Anyways, former Gambino Family associate Andrew “Good News” DiDonato (who was with powerful skipper Nicholas “Little Nicky” Corozzo’s crew, confirms this sorry state of affairs in his sublime autobiography Surviving the Mob: A Street Soldier’s Life Inside the Gambino Crime Family, written with Dennis N. Griffin (Huntington Press, Las Vegas, 2010).
“Contrary to popular belief, money and politics lay a big part in whose names get submitted and who gets their badge. I know of people who had lots of money and bought their way in. I’m talking about guys who never broke an egg, much less shot or killed anybody. You’d be surprised at how quick tradition goes out the window when a wannabe dangles a hundred thousand dollars under a boss’ nose. But these types want the prestige of being made.
“When I was doing time in a federal prison in 1997, a Lucchese capo named Georgie Conte was inside with me. He told me about how one guy tried to get around that requirement. Another Lucchese capo wanted to get his son made, but the kid had never committed an act of violence. So the son was assigned to participate in a murder. A few days before the hit, the kid went to Georgie’s home. He admitted that he couldn’t go through with the murder. He wanted Georgie to do the killing for him for fifty thousand and give him the credit for it. Georgie turned him down and the kid didn’t go on the hit. But his father had enough clout that he got made anyway.

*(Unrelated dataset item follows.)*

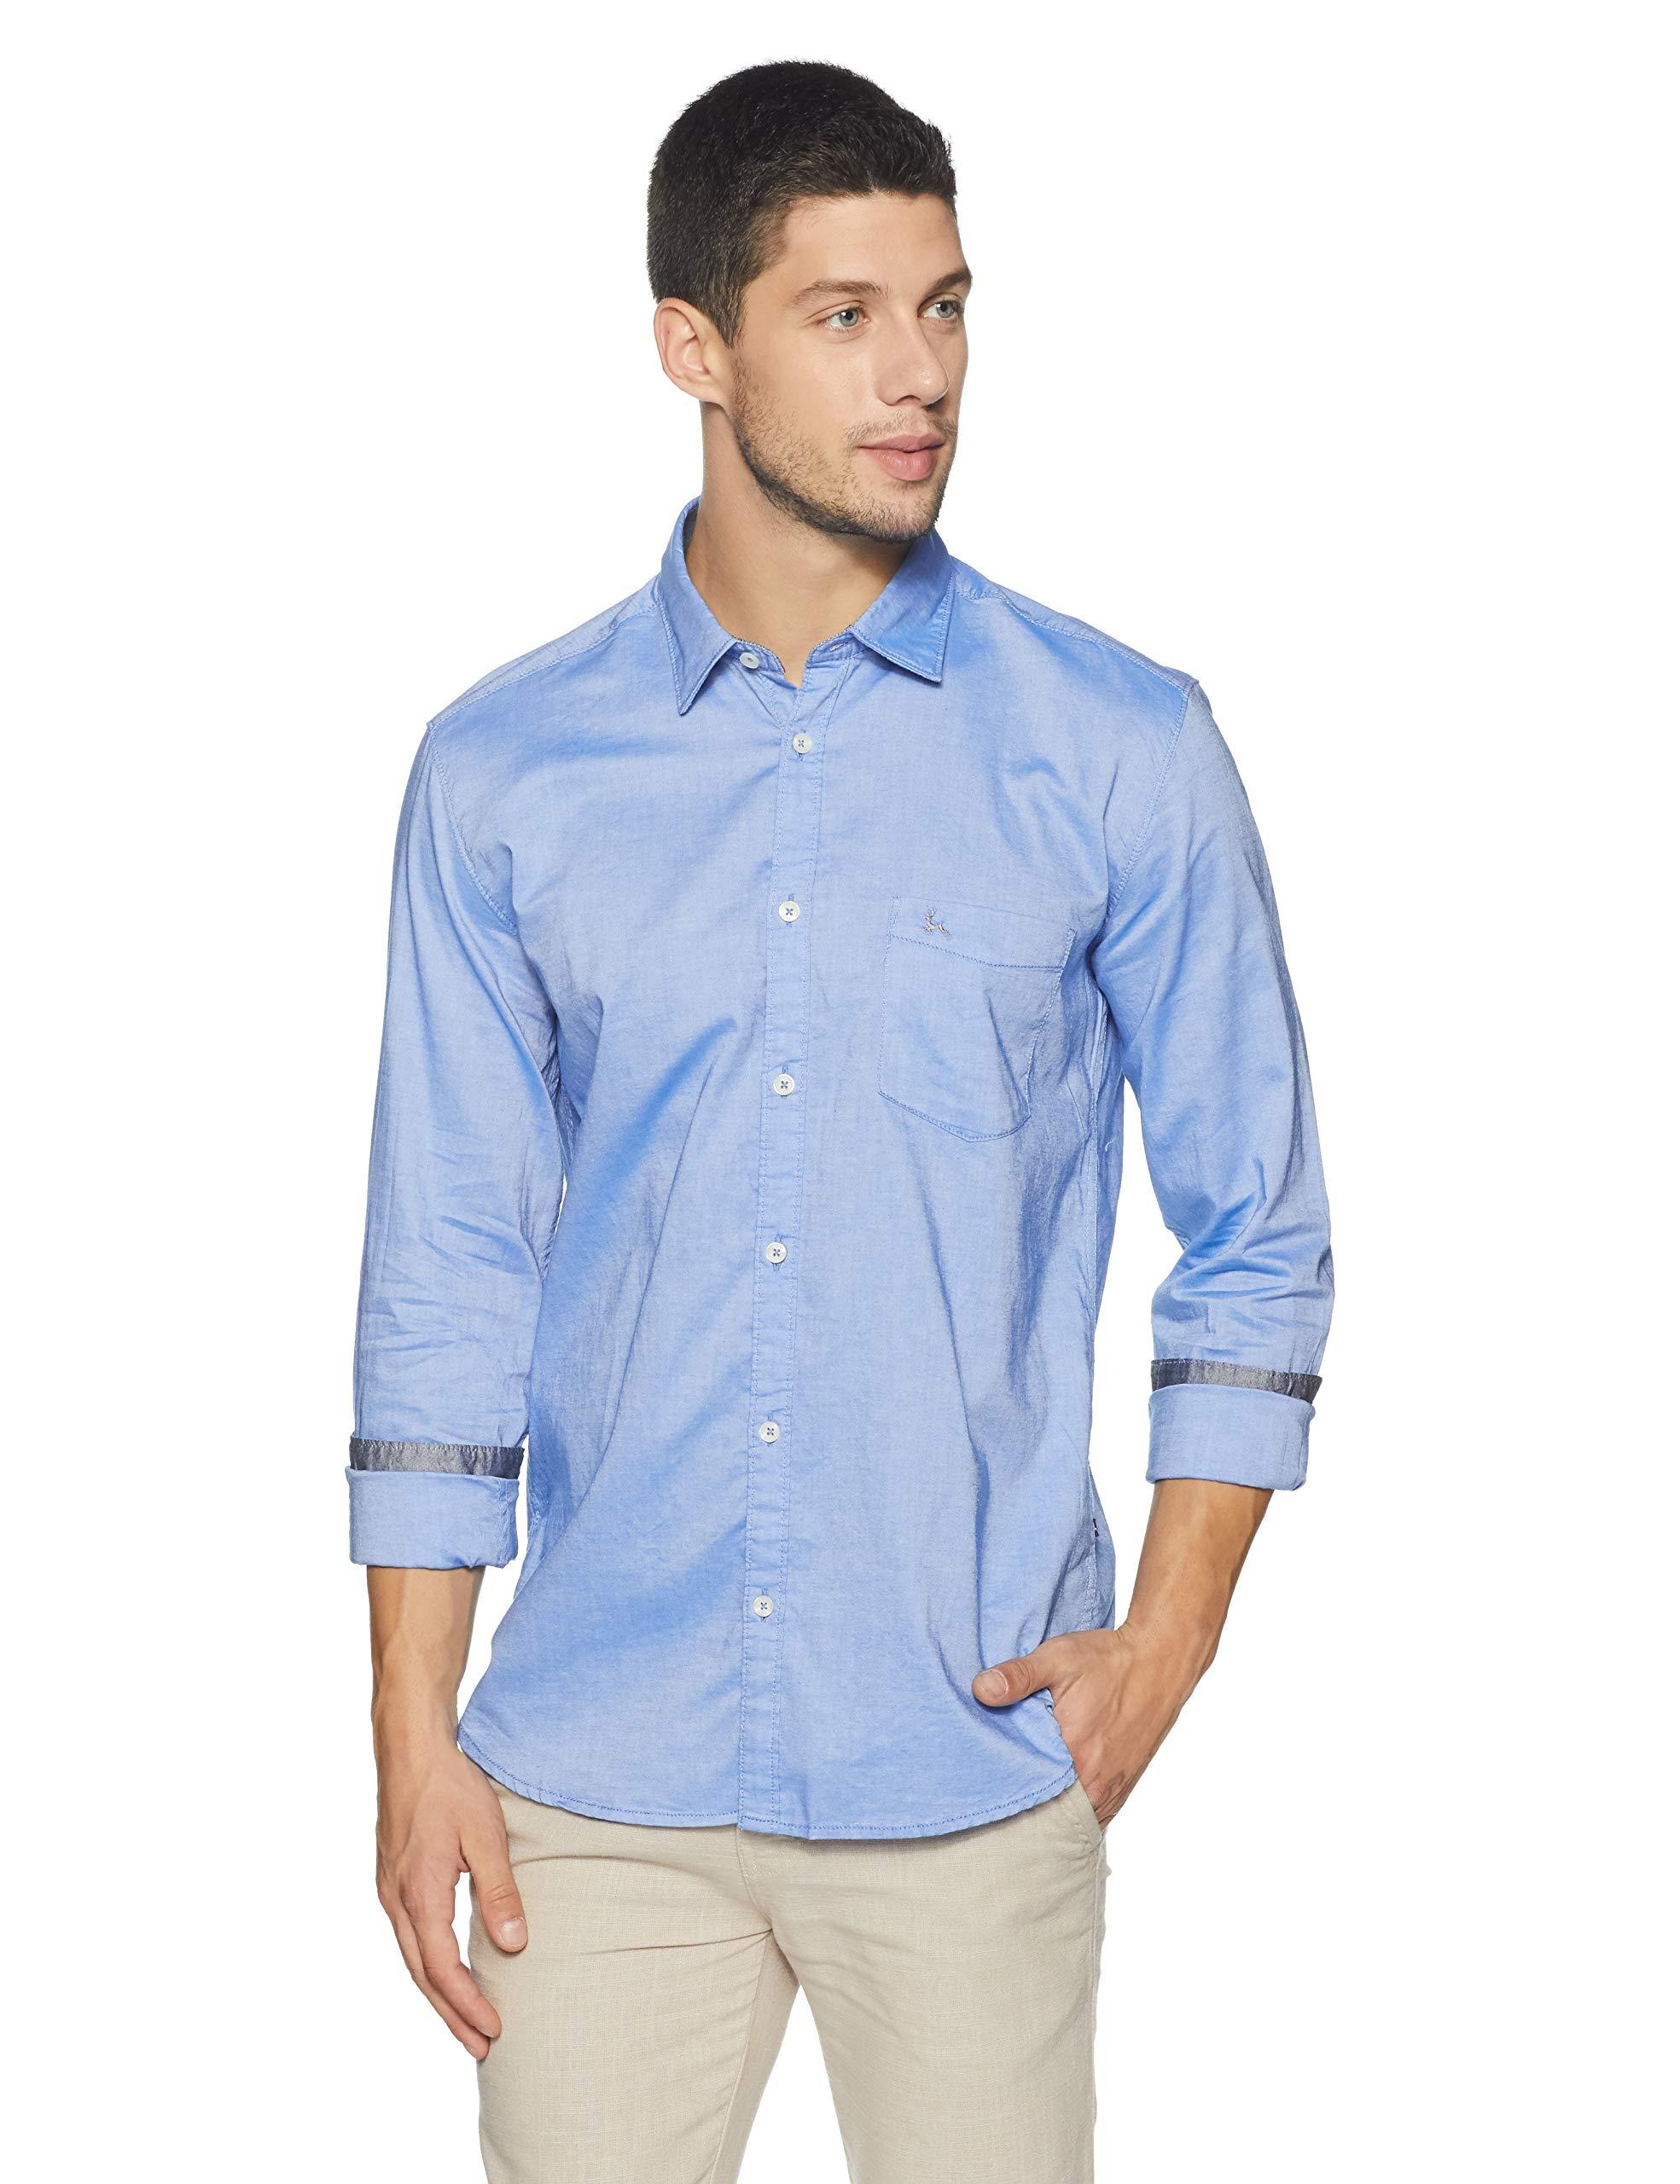 parx clothing apparel ltd

“John Gotti bent the rules to get his son made. So in the modern-day Mafia, you can get your badge if you’ve got enough money, know the right people or are a big enough earner.” Id. at pp. 83-85.
And therein lies the rub, pendejos – as long as you earn with both fists, you can get badged. After all, there is rarely a shortage of mouth-breathing, knuckle-dragging stunads who are willing to whack people.

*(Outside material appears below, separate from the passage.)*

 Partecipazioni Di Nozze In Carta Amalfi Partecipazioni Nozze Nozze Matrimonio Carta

Hell, depending on the Family and circumstances, you might even be able to buy your way into the Secret Society, not unlike a country club membership. Case in point: in the ‘50s, mob boss Albert “the Mad Hatter” Anastasia’s underboss, Francesco “Frank” Scalise was surreptitiously selling buttons for fifty thou apiece and pocketing the dough. As soon as Anastasia heard about it, he had Scalise whacked (on June 17, 1957).
Indeed, this problem of selling wings had become so pervasive that it was directly addressed five months later on November 14, 1957 at the infamous Apalachin meeting that took place in upstate New York. There, all the bosses, underbosses, consiglieres, and key capos from all twenty-six Families agreed to close the books and place an indefinite moratorium on future inductions.
And so the books would stay officially closed until after Don Carlo Gambino peacefully croaked in his sleep on October 15, 1976. (The ultra-cunning and ruthless Gambino, who was clearly Marlon Brando’s inspiration for Don Vito Corleone, had his predecessor Anastasia whacked three weeks before Apalachin.) However, a handful of well-connected rising mob stars had been quietly badged during the preceding two years. Look, people – I’m as disgusted as you are about this pathetic decline in recruiting standards. Peace out, ‘yatches.